Who was playing her this time? Malik? MI6? The bloody queen of England?

Or her own wishful thinking?

“She’s just your type.”

“I’m not even looking at her.”

“Liar.”

Sami had a smug expression on his face, and Zynara carefully watched the room, as expressionless as she knew how to be.

Diplomats and moguls murmured around her, trading pleasantries and promises of business.

They had the power to shape the future or stall it, and the stakes were high.

For Zynara especially so—she needed to charm these people, win them, and keep Ain Zargiers at the forefront of science, development and the energy revolution.

It was imperative work, but it was politics—and it didn’t stop her from being bored out of her mind.

She pointedly didn’t look in the direction of Malik’s crowd where the singer would be, but her brother’s laughter boomed and her head turned against her will. Malik had his own little audience of oil execs, fossil fuel lobbyists, a smattering of sycophants—and his women.

Sami was right. Charlotte Finch was exactly her type. So utterly perfect it was almost as if someone had known and stacked her brother’s harem against her.

She was a walking cliche—legs for days, tottering on those ridiculous heels, a slip of a dress that was barely decent and brushing sensational thighs.

The woman put her hand on her hip and Zynara couldn’t tear her eyes away from the curve of her waist, then lush breasts she wanted to bite.

She had a smile that was almost genuine too—though Zynara didn’t kid herself.

Everyone smiled at the Qasira. And those curls—an incredible halo that framed eyes loaded with an irresistible level of sass.

Zynara’s weakness.

But then the woman had opened her mouth.

Zynara sighed. The prettiest ones were always stupid.

“She checks out,” Sami said. “She’s peddling some backstory about studying for a business degree. We can run with that, if it amuses her, but she works for British intelligence. She’ll tell you she met Malik’s recruiter dancing in a nightclub.”

“MI6 is watching Malik?”

“Kind of.”

She gave Sami a look. He smiled serenely back.

“She’s safe to play with, Niz. Have some fun. I’ll send you her file.”

“No need.”

Sami Habash wasn’t just her best friend—he was her bishop, knight and rook in the game of survival that doubled as life in the palace.

As Chief of Palace Intelligence, his role wasn’t sanctioned by the government or any official department.

Rayan had set the role up before he died, and the night he did, Sami came to her and explained it all.

He worked solely for the heir to the throne, and his job was simple in description and daunting in execution—protect the heir from threats, both external and internal.

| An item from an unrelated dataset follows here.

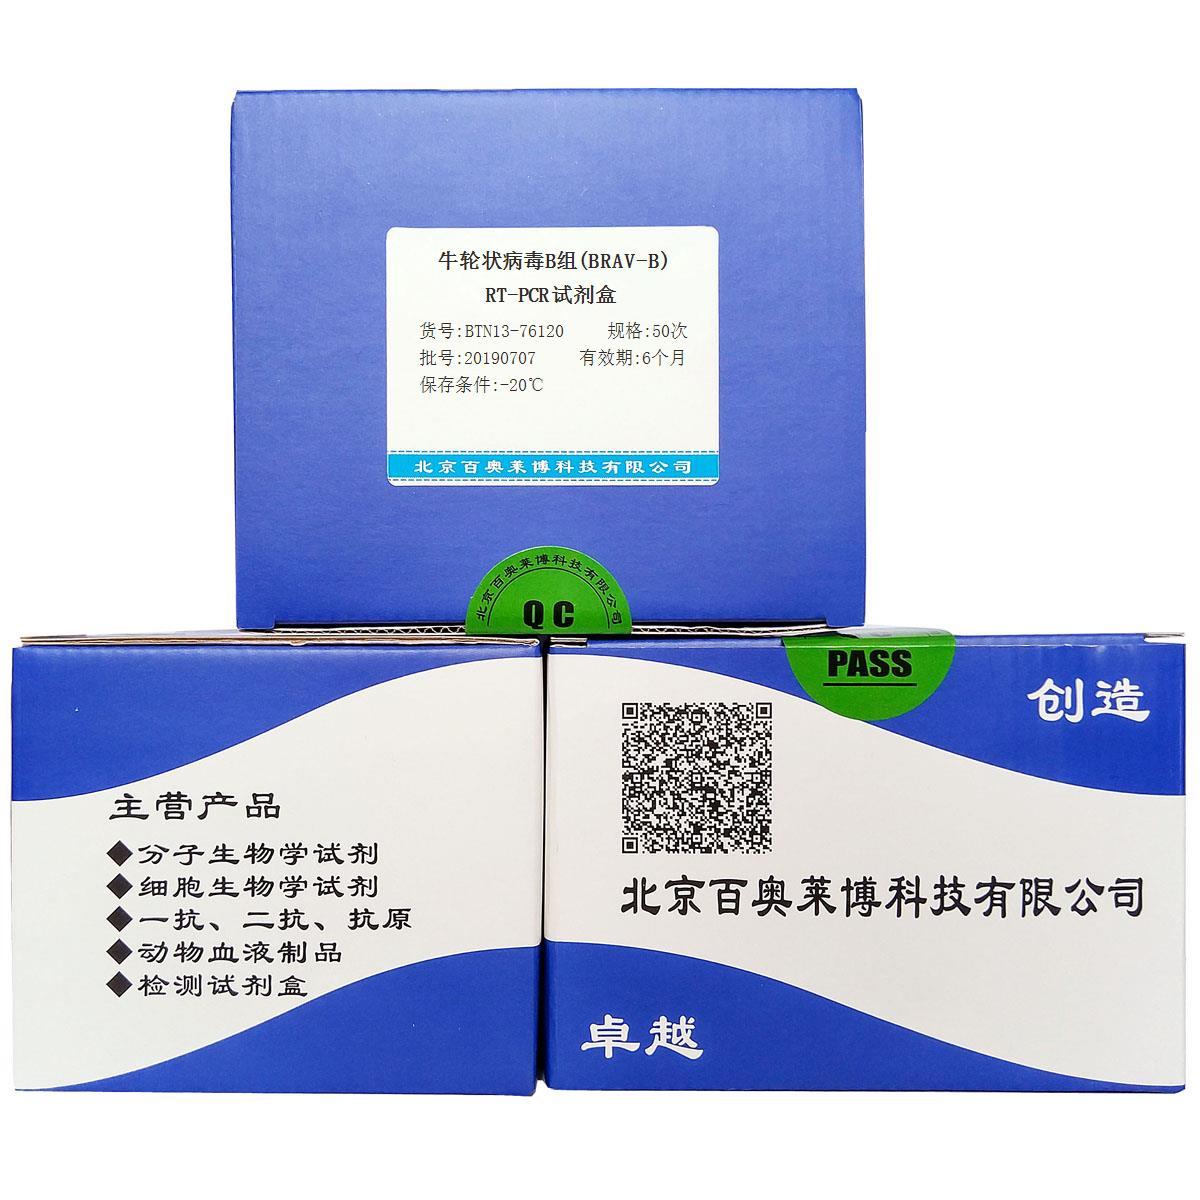 牛轮状病毒B组(BRAV-B)RT-PCR试剂盒

That meant knowing who whispered in the halls, who lingered too long in the Q’sar’s presence, and who the hell Malik dragged into his gaudy circus of a party house.

“I’m not the heir,” Zynara told him, days after her brother died and she’d relinquished her claim to the throne. “You should be serving Malik.”

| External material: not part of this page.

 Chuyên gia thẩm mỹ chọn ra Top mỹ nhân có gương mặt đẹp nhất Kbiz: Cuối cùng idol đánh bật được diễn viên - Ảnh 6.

“Never going to happen,” Sami said, and he’d never wavered on that.

His network was vast, quiet and efficient.

Files on every guest in the palace passed through his hands—background checks, surveillance reports, psych profiles.

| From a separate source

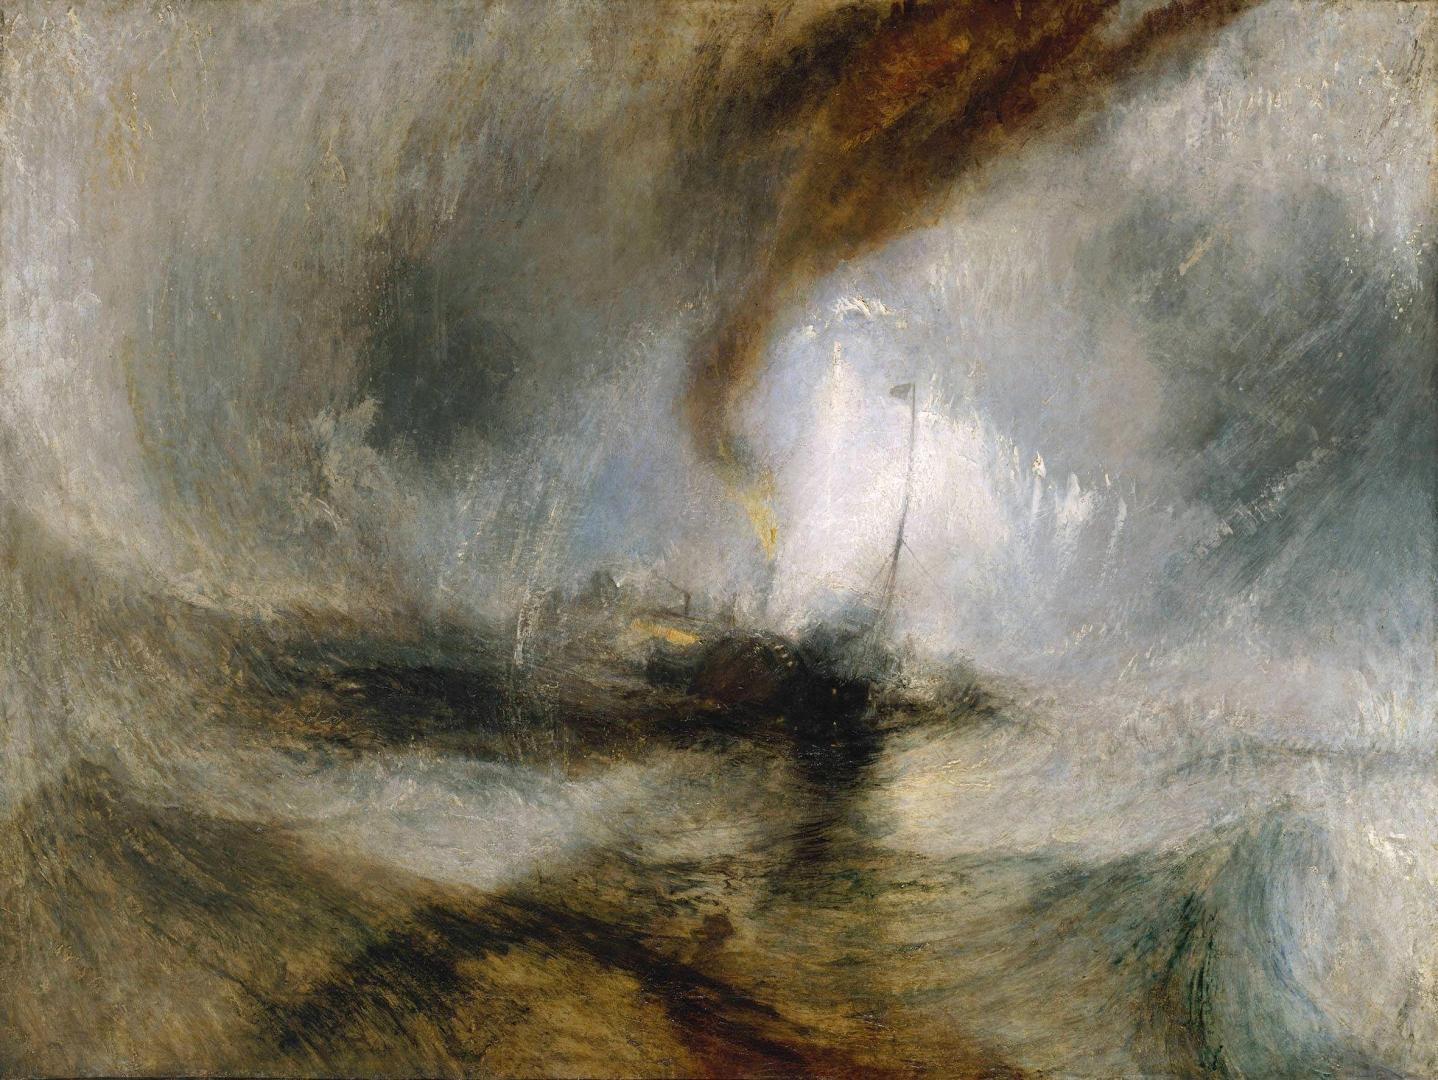 Метель. Пароход выходит из гавани и подает сигнал бедствия, попав в мелководье. 1842

His reach extended from the capital’s bustling markets to the shady corners of international intelligence.

He knew everything , even when Zynara didn’t.

She trusted him completely.

He chuckled, then grimaced when he clocked her negativity. “Wait. No need because you trust me, or no need because you’re not interested?”

“I’m not interested.”

“Liar,” he said again. He nudged her elbow. “You’re still watching her.”

Zynara huffed in exasperation, immediately annoyed at herself for the reaction. She wasn’t easily distracted, but this one— Charlotte Finch —this one had a presence.